What you do is to subtract or divide each side as a whole by the same thing. Immediately after you do that you have one of $$ (2x + 1) - 1 = 11 - 1 \qquad\qquad\text{or}\qquad\qquad (2x+1)\div{2} = 11\div 2 $$ So far things look pretty similar. The difference is in what happens next, which is to say the simplification you do after you have dealt with the "same operation on each side" step.

On the left-hand sides the "subtract one" operation combines differently with an addition than "divide by two" does.

In one case you have two piles of things and want to take one thing away from the whole. You can take that from either of the piles, but only take of from one of them.

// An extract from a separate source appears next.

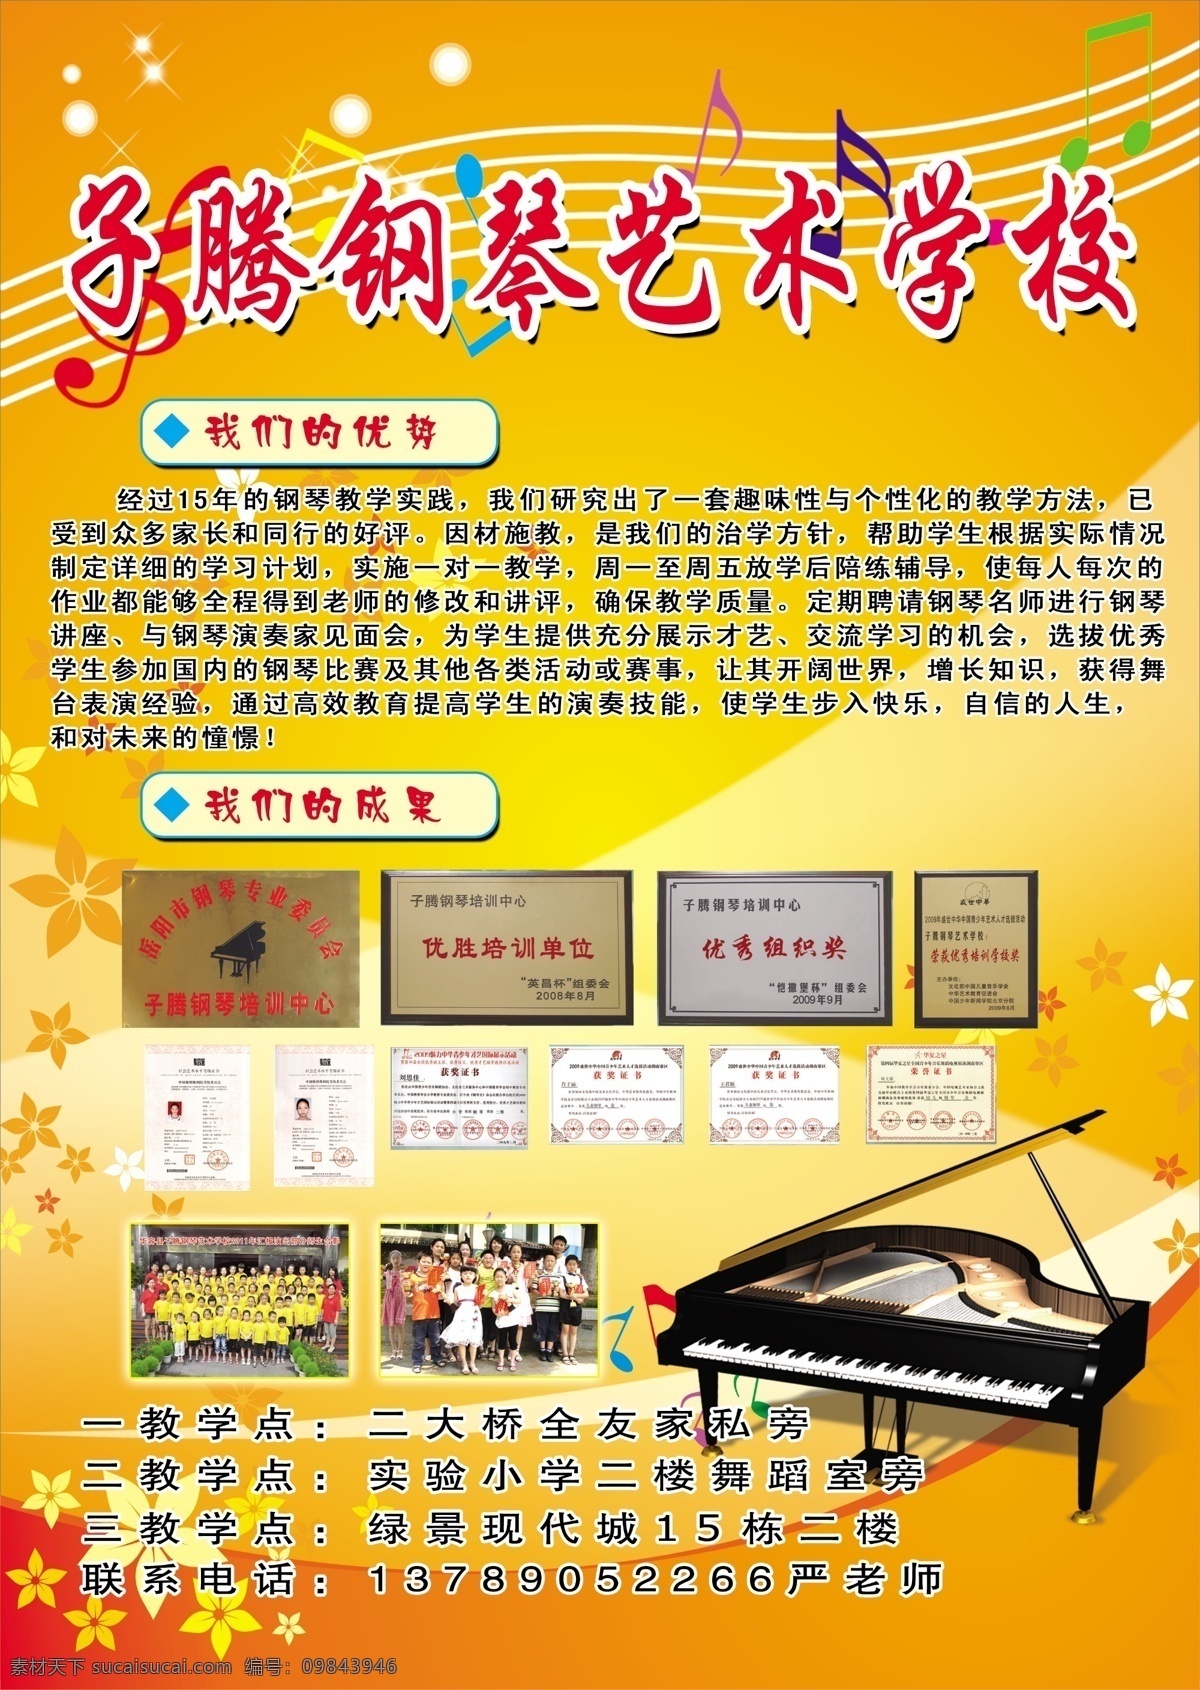 钢琴 培训学校 宣传 彩页 模版下载 宣传单 电子琴 卡西欧 dm宣传单 广告设计模板 源文件

In the other case you have two piles of things and want to cut the entire configuration in two identical halves. Then you need to cut each pile separately -- otherwise if you put the "halves" together again you'll suddenly have two of the pile you didn't halve.

Answer 2

This is not a question about solving equations. What you want to know is why $$(a+b)+c=a+(b+c)$$ instead of $$(a+b)+c=(a+c)+(b+c)$$ and why $$\frac{a+b}{c}=\frac{a}{c}+\frac{b}{c}$$ instead of $$\frac{a+b}{c}=a+\frac{b}{c}.$$

There are different types of answers to this question. From a mathematically point of view you could argue that the field axioms force it that way (the first one is called associativity of addition, the second one distributivity of multiplication). You could also think about the interpretation of addition and division in real life. Then you would realize that it makes sense.

Answer 3

$a(x+y) = (x+y) + (x+y) + (x+y) + \cdots{}$, $\quad a$ times

so regrouping, $x + x + x + \cdots{}$, $\quad a$ times, ${}+ y +y + y \cdots{}$ $\quad a$ times, so $a(x+y) = ax+ay$

so distributive property works, and you can also reverse it

so $(5+15)/5 = 5(1+3)/5$

if you have $12/3$ thats $(4 \times 3)/3$ for example, so if you cancel $3$s, you get $4$, which is the same thing as dividing $12/3$ and getting $4$

so then $5(1+3)/5 = 1 + 3 = 4$

this is also

$5/5 + 15/5 = 1 + 3 = 4$

If $x + 1 = 11$, then that's in language just "what number needs $1$ added to it to get $11$?", and if you were to add $1$ to $10$, you would get $11$, so you're really just subtracting the one from the $11$

Answer 4

The key thing to realise here is that multiplication is distributive over addition. This is essentially a fancy way of saying that you can expand brackets: $(3+x)\times 5=(3 \times 5)+(x\times 5)$, and $(3+7)\times 4=(3\times 4)+(7\times 4)$, and $(a+y)\times 100=(a\times 100)+(y\times 100)$. In general, the distributive property means that for any numbers $a$, $b$, and $c$, the following law is true: $$(b+c)\times a=(b\times a)+(c\times a)$$ In your example, we are told that $2x+1=11$. If we multiply both sides by $\frac{1}{2}$ (this is the same as dividing both sides by $2$), then we get that $$ (2x+1)\times\frac{1}{2}=11 \times \frac{1}{2} \, . $$ Then, we can simplify the left-hand-side by using the distributive property: $(2x+1)\times\frac{1}{2}=\left(2x \times \frac{1}{2}\right)+\left(1\times \frac{1}{2}\right)=x+\frac{1}{2}$. The right-hand-side simplifies to $\frac{11}{2}$. This means that $$ x+\frac{1}{2}=\frac{11}{2} \, . $$ Then, if we subtract $\frac{1}{2}$ from both sides, we get that $x=\frac{11}{2}-\frac{1}{2}=\frac{10}{2}=5$. By contrast, subtraction is not distributive over addition. In other words, the following "law" is bogus: $$ (b+c)-a=(b-a)+(c-a) \, . $$ For example, $(5+7)-2$ does not equal $(5-2)+(7-2)$, and $(x+y)-5$ does not equal $(x-5)+(y-5)$. So, if we are told that $2x+1=11$, then we are allowed to subtract $1$ from both sides: $$ (2x+1)-1=11-1 \, . $$ What we can't do is "simplify" the left-hand-side by writing $(2x+1)-1$ as $(2x-1)+(1-1)$.

Answer 5

Bear with me.

Consider we start with $\color{red}5$. And we do two things: first we multiply by $2$ and second we add $1$. So $2\times\color{red}5 = \color{blue}{10}$ and $\color{blue}{10} + 1 = 11$. So we end up with with $2\times \color{red}5 + 1 = \color{blue}{10} + 1 = 11$.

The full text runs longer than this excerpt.